This convergence suggests that the performance ceiling isn’t architectural—it’s geometric. Both approaches hit the same mathematical limits imposed by high-dimensional vector spaces.

Matryoshka Training offers a promising path forward by enforcing feature diversity across embedding layers. Like Russian nesting dolls, each layer encodes progressively more abstract representations:

Layer 1: Basic token-level features
Layer 2: Phrase-level semantics
Layer 3: Document-level themes
Layer 4: Abstract conceptual relationships

This hierarchical approach reduces feature interference while preserving semantic richness at multiple levels of abstraction.

Retrieval-Native Solutions: Theory Meets Practice

The community has developed several architectural innovations to work within geometric constraints, though recent empirical benchmarking reveals significant gaps between theoretical promise and practical performance:

Cross-Encoders abandon the embedding paradigm entirely, scoring query-document pairs through joint neural networks. Recent benchmarks show mixed results:

Strengths: Superior semantic alignment - can distinguish between “luxury” and “affordable” better than bi-encoders
Critical limitations: Still struggle with numerical constraints (”price lower than 2000”), often prioritizing semantic similarity over factual accuracy
Computational cost: Requires evaluating each query-document pair individually, creating scalability bottlenecks

Multi-Vector Models like ColBERT represent documents as collections of vectors, enabling fine-grained token-level matching:

Breakthrough capability: Better numerical constraint handling than single-vector approaches
Persistent weakness: Extreme sensitivity to query phrasing - “apartment for 5 guests with price lower than 2000” succeeds where “places with price lower than 2000 for 5 guests” fails
Architectural insight: Late interaction through MaxSim aggregation can be dominated by strong lexical matches, missing nuanced semantic requirements

Hybrid Search combines BM25 precision with embedding semantics:

Reality check: Recent benchmarks reveal that combining two imperfect approaches rarely produces satisfactory results for structured data
Core limitation: Neither BM25 nor vector search reliably handles numerical constraints, so linear combinations inherit both limitations
Tuning complexity: Optimal alpha values require dataset-specific calibration and may not generalize

The Multi-Modal Challenge: Empirical evidence suggests the fundamental issue isn’t architectural but representational - compressing structured data (numerical, categorical, textual) into homogeneous embeddings loses critical attribute relationships.

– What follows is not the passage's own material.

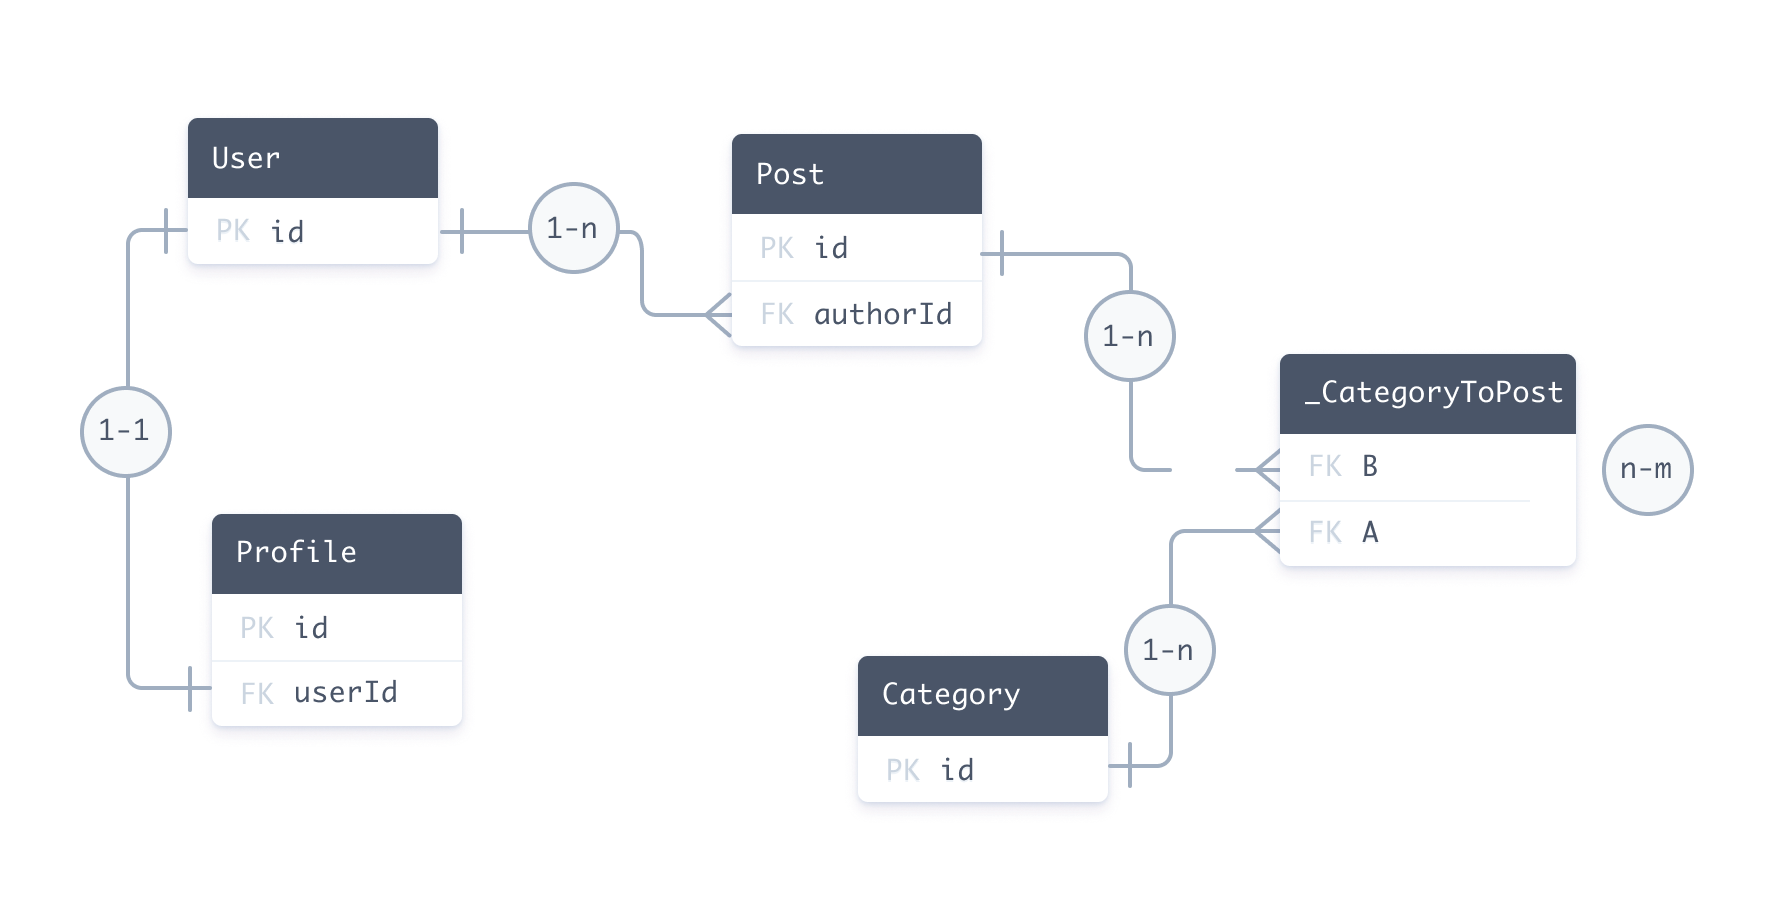 The sample schema as an entity relationship diagram

Semantic Chunking preserves conceptual boundaries rather than using arbitrary text windows, though its effectiveness depends heavily on the underlying retrieval method’s ability to interpret the preserved structure.

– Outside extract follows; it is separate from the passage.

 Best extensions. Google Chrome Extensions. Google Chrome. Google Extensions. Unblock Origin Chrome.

Module 5: Beyond Vector Search - Mixture of Encoders

The Structured Data Challenge

Recent empirical research reveals a critical blind spot in the retrieval evolution narrative: the assumption that more sophisticated algorithms automatically yield better results. The Superlinked Airbnb benchmark provides compelling evidence that architectural sophistication means little without proper data representation.

The benchmark tested multiple retrieval approaches on 3,350 Stockholm Airbnb listings, revealing that the fundamental challenge isn’t geometric constraints or context windows—it’s the heterogeneous nature of structured data. Real-world queries like “apartment for 5 guests with price lower than 2000 and review rating bigger than 4.5” combine:

Numerical constraints (price thresholds, guest capacity)
Semantic concepts (”luxury” vs “affordable”)
Categorical filters (accommodation type, amenities)
Contextual preferences (location, ambiance)

Traditional embeddings compress all these modalities into homogeneous vector representations, creating what researchers term “attribute relationship loss”—the inability to preserve distinct semantic, numerical, and categorical relationships within single embeddings.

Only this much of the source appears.